On Friday morning, Commissioner Mike Aresco broke his silence on realignment and essentially capitulated, saying that realignment was inevitable and that "schools will leave."

In a time where conference stability is more important than ever, why would a commissioner take a stance that stands directly counter to the conference's well-being?

It could have to do with the hefty $10 million exit fee each team would have to pay up to leave, and with the Big XII repeatedly linked to Cincinnati and Houston, the conference could stand to make a big pay day. And that's only if you think the Big XII expands to 12; they could expand to as many as 14 and if that's the case, the AAC could see as much as $40 million in the coffers.

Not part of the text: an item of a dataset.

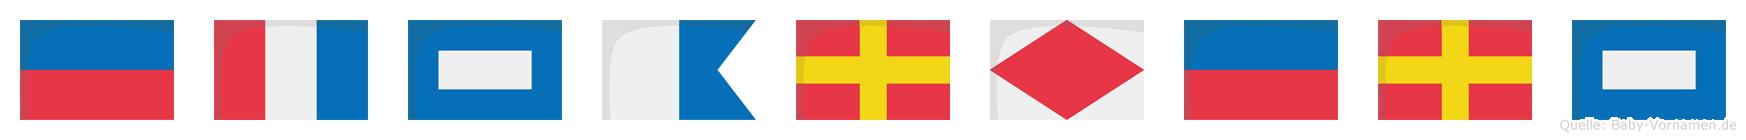 Etparferp im Flaggenalphabet

Many would argue this helps the conference in the long run. It could, to a certain degree. If two teams leave, that leaves 9 full members in basketball and 10 members in football, which means that more money gets distributed between the remaining members, ensuring that the conference grows from within.

That being said, the fact that so many teams want to leave is an extremely bad look. Two-thirds of the conference has already expressed desire to expand, including HoustonCincinnatiUConnMemphisSMU, and even dadgum ECU. UCF, USF and Tulane are also reportedly interested in moving on from the AAC.

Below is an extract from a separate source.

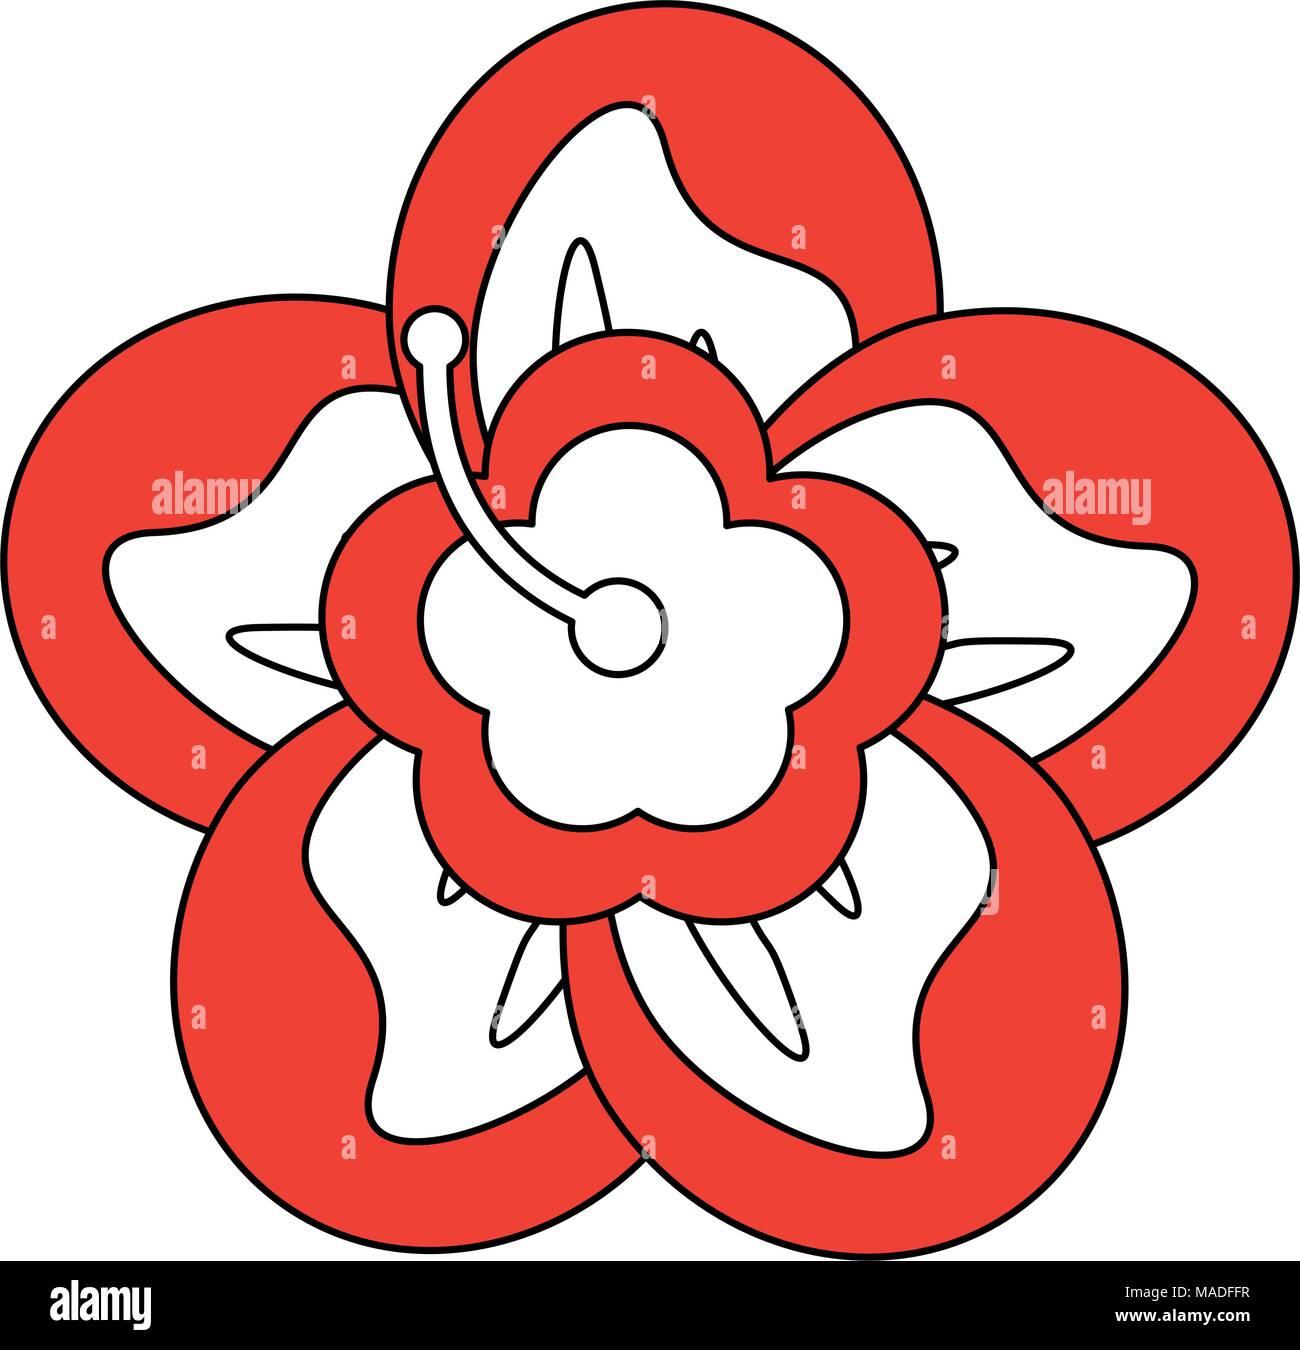 Beautiful Flower Cartoon Stock Vector Art Illustration Vector

UConn might try and move on even if the Big XII doesn't choose them; they were most affected by the Big East split, and have previously expressed disdain for their situation. They've been attached to Big Ten rumors before and were considered Big XII candidates long before Houston ever came into the mix.

It's the Big East all over again.

Say the Big XII takes four teams (highly unlikely as that is). It would be widely assumed they take the biggest name programs, so that would be Houston, Cincinnati, UConn and Memphis. That leaves a league with SMU, ECU, Temple, Tulane, Tulsa, UCF, USF and Navy (football only.) Not exactly the most attractive league.

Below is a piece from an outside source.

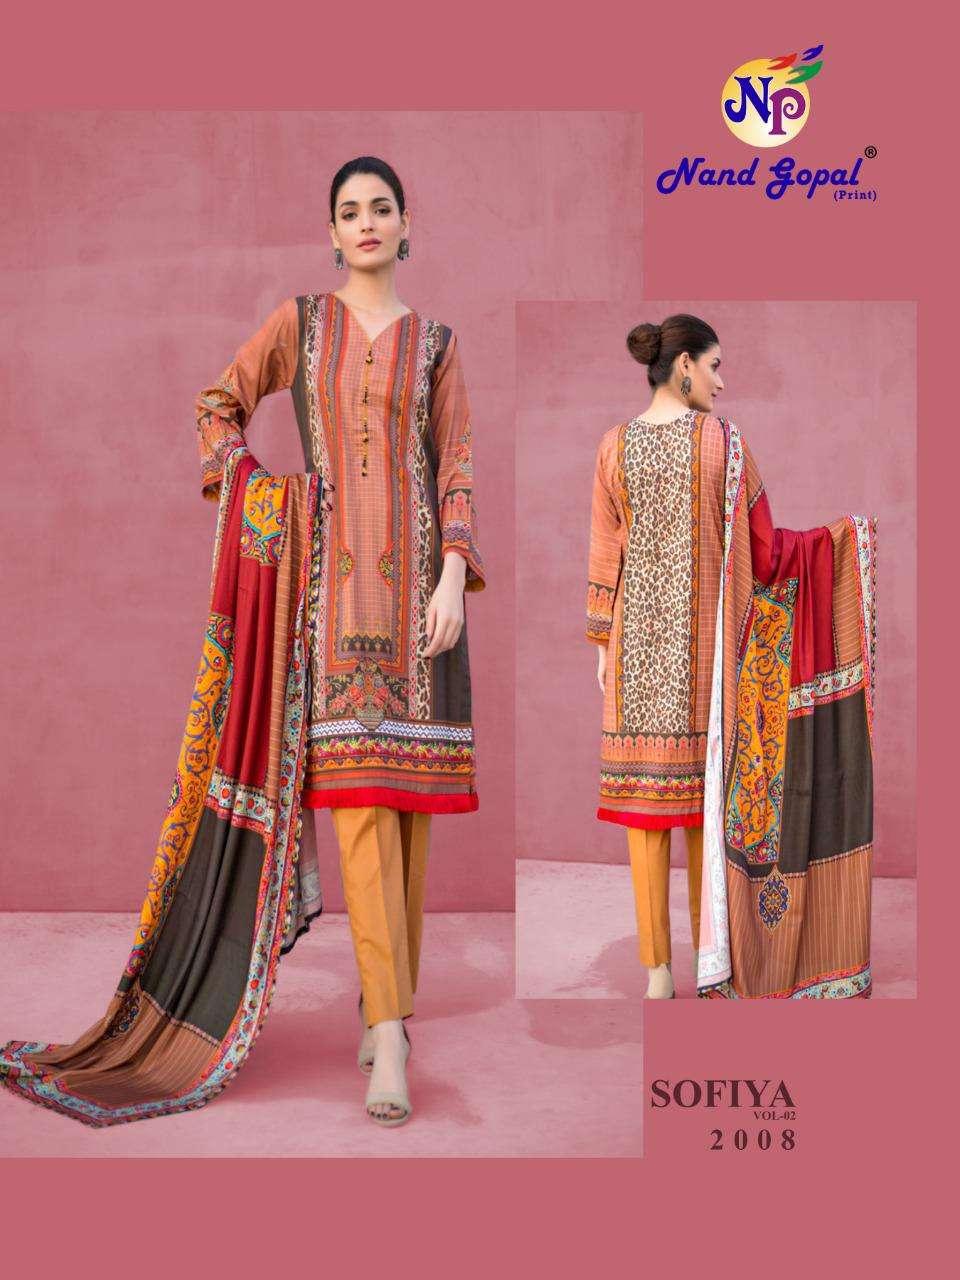 Nand Gopal Sofiya Vol 1 Pure Cotton Karachi Print Dress Material Collection

Even with only two or three teams taken, the fabric of the AAC would be completely different and would lose major starpower. The AAC would be left with nine or 10 teams in football and nine or eight in basketball and find themselves in the Big XII's current position in as soon as 2018 or 2019.

The AAC could potentially expand, sure. But the choices in the FBS are sparse; the conference would surely pluck from a stripped-down Conference USA or a Sun Belt Conference that might not be ready to make such a big leap. They could promote an FCS team such as James Madison, but the promotion process takes years to complete and that team would need a partner. Regardless, it would mean a watered-down conference with no real cohesion.

But this is ultimately an indictment on the reactionary leadership of the conference. Commissioner Aresco, who also oversaw the collapse of the Big East, is Nero playing the fiddle while Rome burns. His inaction could cost the conference major prestige and could eventually lead to the conference's demise.

We'll see what happens when the Big XII announces their intentions sometime in August, but if past history is any indication, it won't be good news for the AAC.